There are other things which should be noted as well. Reading his paper critically for example, it is obvious his specific equations may be off by a small numerical factor; this however is almost always the case when constructing a preliminary model based on dimensional analysis and therefore shouldn't be a case for outright dismissal. His equations as of yet seem to have no known interpretation as geometric or as some known dimensionless group; this already shows that his specific equations are tentative instead of definitive. Also this should be obvious because he hasn't actually published this paper in a journal despite having submitted it 10 years ago to the arxiv. Curiously he doesn't have any other publications either on the arxiv and only one recent publication in a Chinese journal.

Regardless of exact numerics however, Manasson's approach in this paper i.e. an approach to reformulating the axioms of QT based on identifying QT's a priori mathematical properties, as resulting from a limiting case of an exactly linearizable dissipitave nonlinear dynamical system is a very promising theoretical direction which is very much a novel but distinctly mainstream science approach (see e.g. Dieter Schuh, 2018 "Quantum Theory from a Nonlinear Perspective: Riccati Equations in Fundamental Physics"). Moreover, this particular qualitative theoretical method for example is constantly used with other theories, both within mainstream science and mainstream soft matter and biophysics but it is especially popular outside of physics; importantly, in the practice of dynamical systems this is literally the method of empirically establishing the qualitative mathematical properties of some extremely complicated system after which a particular NDE or some class of NDE may be guessed.

The reason I am posting Manasson's theory, is because I couldn't find any earlier threads on it and I believe that this approach definitely warrants further investigation, whether or not it will turn out to be correct in the end.
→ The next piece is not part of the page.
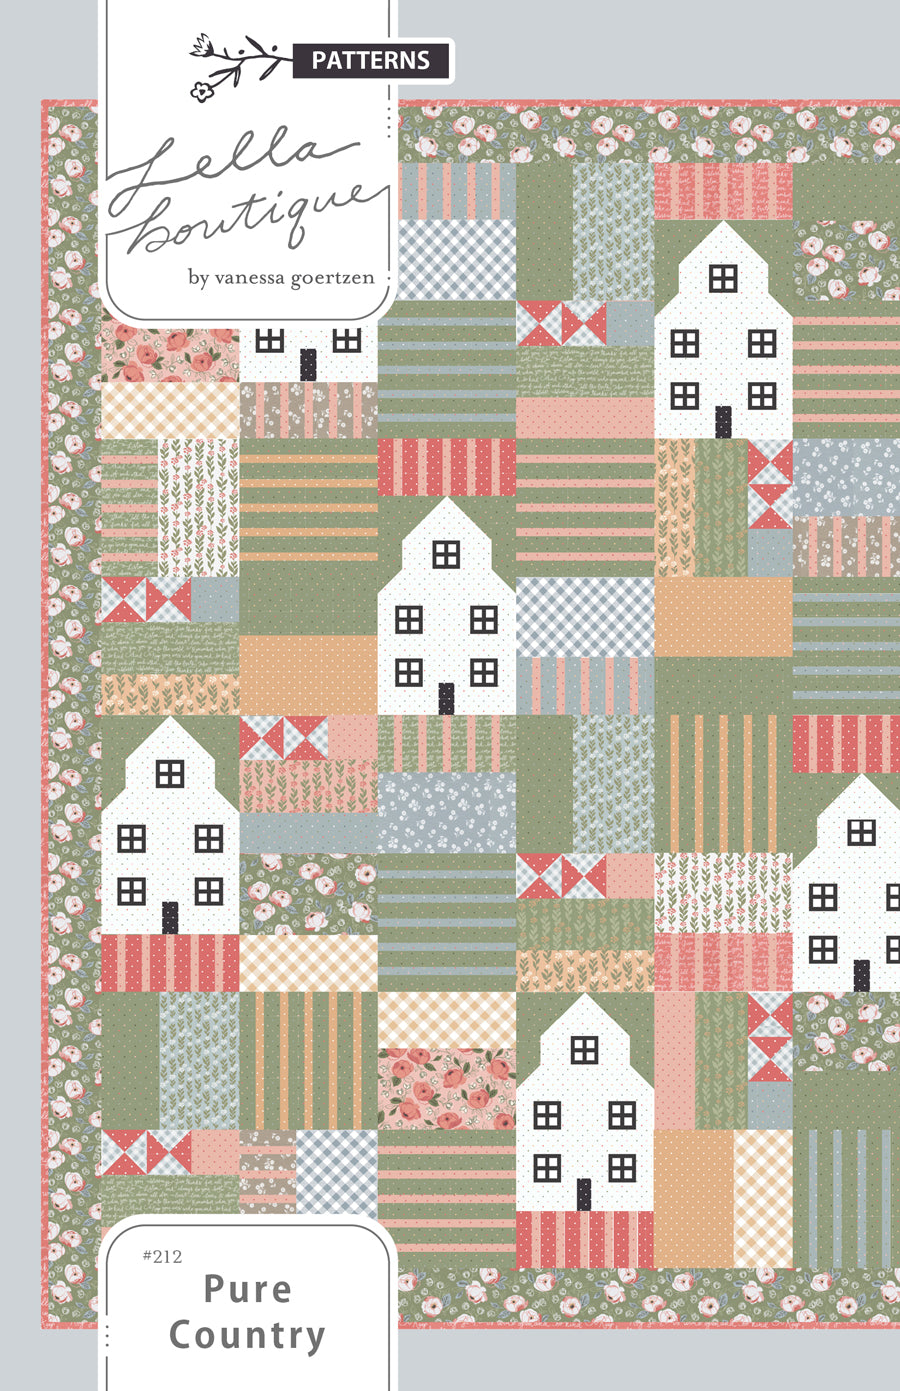 Pure Country farm Quilt PDF pattern Lella Boutique

Lastly, other very prominent theorists have suggested very similar lines of reasoning as Manasson is doing in his paper without actually giving a mathematical model, in particular both Roger Penrose (1. in the form of a nonlinear reformulation of the linear characteristics of QM being necessary in order to unite it with GR, and 2. the idea that the fundamental laws of physics should be less symmetrical instead of more symmetrical) and Gerard 't Hooft (in the form of the idea that a dissipative theory might underly QM); moreover as both Richard Feynman and Lee Smolin have remarked, what may turn out to be wrong with the practice of theoretical physics is the assumption of the timelessness/ahistorical nature of (some) physical laws; dynamically evolved laws, e.g. in the form that Manasson is proposing here, would address these points as well. These coincidences only make me more curious about Manasson's proposal. Incidentally, it also reminds of something Feynman said about symmetry:
Feynman Lectures said:
We have, in our minds, a tendency to accept symmetry as some kind of perfection. In fact it is like the old idea of the Greeks that circles were perfect, and it was rather horrible to believe that the planetary orbits were not circles, but only nearly circles. The difference between being a circle and being nearly a circle is not a small difference, it is a fundamental change so far as the mind is concerned.

There is a sign of perfection and symmetry in a circle that is not there the moment the circle is slightly off—that is the end of it—it is no longer symmetrical. Then the question is why it is only nearly a circle—that is a much more difficult question. The actual motion of the planets, in general, should be ellipses, but during the ages, because of tidal forces, and so on, they have been made almost symmetrical.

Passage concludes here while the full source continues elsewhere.